Posts: 621
Threads: 57
Joined: May 2010
Hi. I ran the following attack on about 2 million hashes:
cudahashcat+32.exe -d 1,2 -m 0 -o found2.txt -r "C:\rules\basic.txt" test.hash "F:\Dictionaries\Dict\All.txt"
Rules:
I get good hash:password pairs but also got those that seems to be erroneous:
93b885adfe0da089cdf634904fd59f71:
25daad3d9e60b45043a70c4ab7d3b1c6:
fead052eeedcfb31c49b19f91edded24:1
cb824d9f595e14ba63698fa5fe07002a:x
c5940e567348894860e9e45434682f5f:2
86ce15a7f39fc14323b76c9b95c66165:1
Posts: 5,185
Threads: 230
Joined: Apr 2010
sometimes passwords gets salted with a trailing null byte. or newline or other crazy things. run it in --output-format=2 mode and verify results
Posts: 5,185
Threads: 230
Joined: Apr 2010
Posts: 621
Threads: 57
Joined: May 2010
(02-15-2011, 03:58 PM)atom Wrote: any news here?

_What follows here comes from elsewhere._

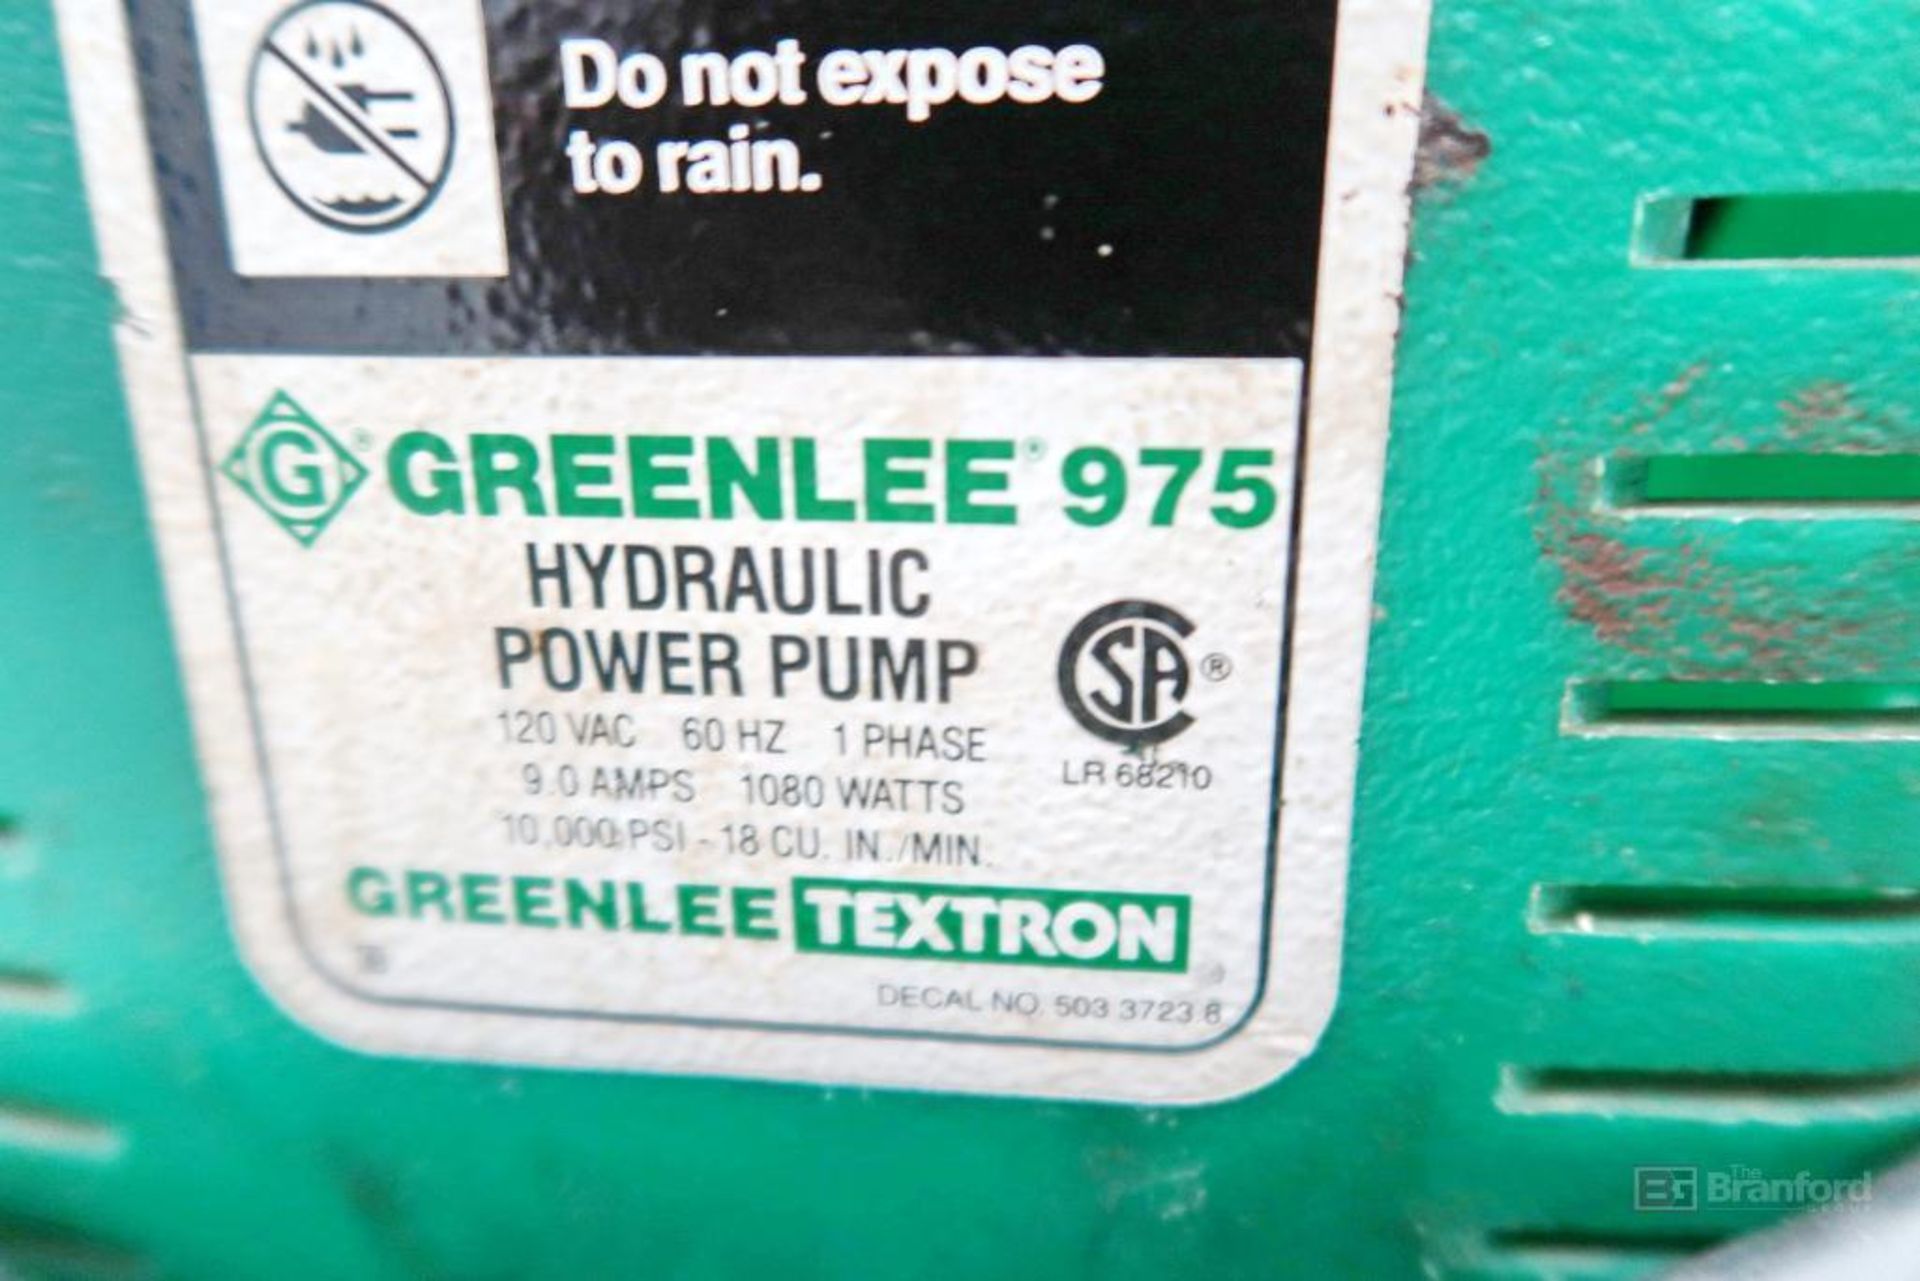 Greenlee Hydraulic Power Pump 975 - Image 4 of 8

I assumed that you were correct and did not do anything further but just to make sure that we are not missing something out, I will do it tomorrow once my current attack finish.
Posts: 5,185
Threads: 230
Joined: Apr 2010
thanks
Posts: 621
Threads: 57
Joined: May 2010
Oops. Looks like a problem here's the -output-format=2
4144e195f46de78a3623da7364d04f11:a:61
93b885adfe0da089cdf634904fd59f71::
dd1c7ceb4c92653a696b7907a4dd4df1:C:43
13757e0fb71915e385efa4dc9d1e08fd:g:67
Posts: 621
Threads: 57
Joined: May 2010
Just in case Atom missed it, the problem is existant. From what I noticed, it seems to crack a password but sometime then assign it to the wrong hash. For all the wrong Hash
assword pair, the password is present elsewhere with the correct hash. Sometimes the "wrong hash" is also there with it's correct password. Since I was using the --remove, it means that it is an output problem since the "wrong" hash was still available for cracking after. Again, I will repeat the conditions, large amount of hashes > 3 millions, multiple rules and multi-GPU. I don't know if anyone can replicate the behavior (does anyone else double-check the hash:pass that OCLhashcat spits out?).
Posts: 621
Threads: 57
Joined: May 2010
Replicated the problem with mode 1000...
Posts: 5,185
Threads: 230
Joined: Apr 2010
that was a good hint mastercracker. i found somthing. it is exactly as i said in the beginning. it is salted with a null-byte. or better said its the unicode version of something. take the first example:
4144e195f46de78a3623da7364d04f11:a:61
if i so this:
thumbstone ~ # perl -e 'print "a"' | md5sum
0cc175b9c0f1b6a831c399e269772661 -
but then i did this:
thumbstone ~ # perl -e 'print "a\x00"' | md5sum
4144e195f46de78a3623da7364d04f11 -
so what we can call a bug is that the hex-output does not indicate a null-byte. however it just looks like wrong hash:password pair but it is not. it is because a null-byte is "invisible".
i guess the reason behind is a way how i optimize the rule processing on gpu. it can happend that some values are generated additionally. some that you do not instruct with the rule configurations. however it also generates all you have programmed so this is usually not a problem. sometimes its better to check some "garbage" data instead of skipping it because the skipping if () would take more time than checking the garbage. this is what happend here but accidentially the garbage was a real plain so it found it.
Posts: 621
Threads: 57
Joined: May 2010
(02-26-2011, 09:36 AM)atom Wrote: that was a good hint mastercracker. i found somthing. it is exactly as i said in the beginning. it is salted with a null-byte. or better said its the unicode version of something. take the first example:
4144e195f46de78a3623da7364d04f11:a:61
if i so this:
thumbstone ~ # perl -e 'print "a"' | md5sum
0cc175b9c0f1b6a831c399e269772661 -
but then i did this:
thumbstone ~ # perl -e 'print "a\x00"' | md5sum
4144e195f46de78a3623da7364d04f11 -
so what we can call a bug is that the hex-output does not indicate a null-byte. however it just looks like wrong hash:password pair but it is not. it is because a null-byte is "invisible".
i guess the reason behind is a way how i optimize the rule processing on gpu. it can happend that some values are generated additionally. some that you do not instruct with the rule configurations. however it also generates all you have programmed so this is usually not a problem. sometimes its better to check some "garbage" data instead of skipping it because the skipping if () would take more time than checking the garbage. this is what happend here but accidentially the garbage was a real plain so it found it.
Good to see that there nothing wrong with it. Personally, I don't mind having those extra ones cracked as a bonus.